La réalité est qu’aucun des arguments en faveur de cette thèse ne tient. D’ailleurs, bon nombre des pays qui ont pris cette décision s’en mordent désormais les doigts, et aimeraient bien revenir en arrière. La Suisse et les Pays-Bas par exemple. Il est puéril de considérer que les trafiquants arrêteront de trafiquer au seul motif que le cannabis sera en vente libre : les buralistes vous diront combien le trafic de cigarettes leur est préjudiciable, et il n’a jamais été aussi dense … Il est naïf de croire que les « méchants » deviendront gentils du seul fait que leur principale source de revenus aura disparu : 1/ elle n’aura pas disparu, 2/ ils trouveront d’autres façons de maintenir leurs revenus illégaux, et 3/ personne ne connaît les conséquences de toutes ces décisions sur la consommation des drogues chimiques.

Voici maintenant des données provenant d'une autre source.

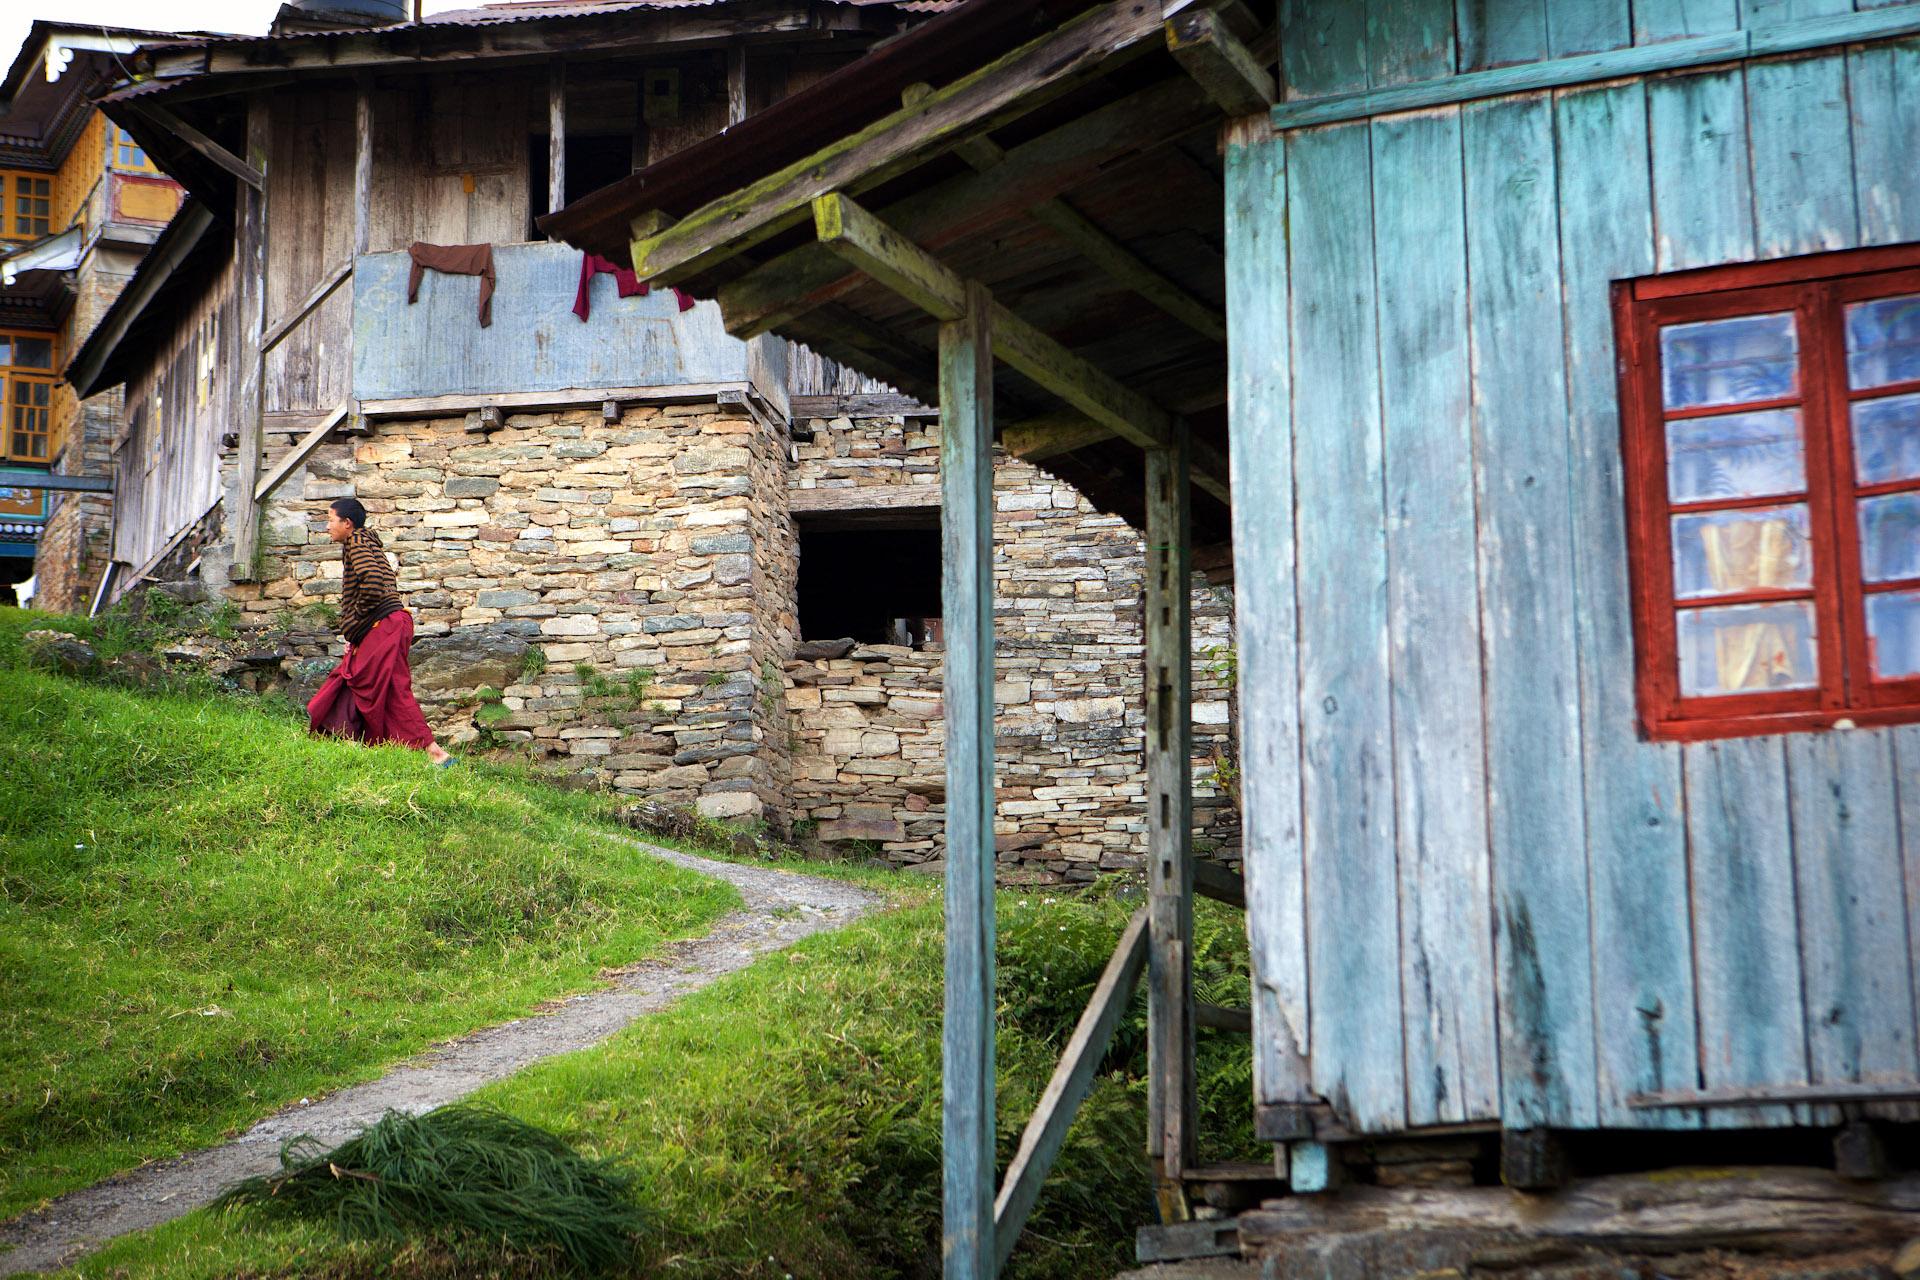 India-Sikkim-Travel-Pemayangtse-Monastery-Monk.JPG

On se demande par ailleurs pourquoi, tant qu’on y est, on ne libéralise pas en même temps la cocaïne, l’ecstasy et les autres produits stupéfiants de même nature. « La santé publique ? ». Pas sérieux ! On oublie que la puissance toxique du cannabis actuellement sur le « marché » est incomparablement plus importante que ce que l’on constatait il y a 40 ans, au moment où la loi de 1970 était votée. Le cannabis d’aujourd’hui est beaucoup, beaucoup plus dangereux pour l’activité cérébrale, et conduit à la dépendance de manière beaucoup plus rapide.
La première raison – et probablement la plus valable – pour s’opposer à cette intention est certainement la santé publique, précisément, en raison également de l’impact d’une telle consommation sur les capacités de concentration, de travail, et de progrès des plus jeunes, tout particulièrement à la période de l’adolescence.
Il faut au contraire militer activement pour un renforcement de l’information sur les dangers de la drogue (sans distinction) auprès des jeunes en particulier, et plutôt que d’assouplir la loi, renforcer considérablement les peines contre les auteurs des trafics et les promoteurs de la consommation. Il faut donc réformer le Code pénal dans ce domaine, mais à l’inverse, très exactement, de ce que proposent les Verts.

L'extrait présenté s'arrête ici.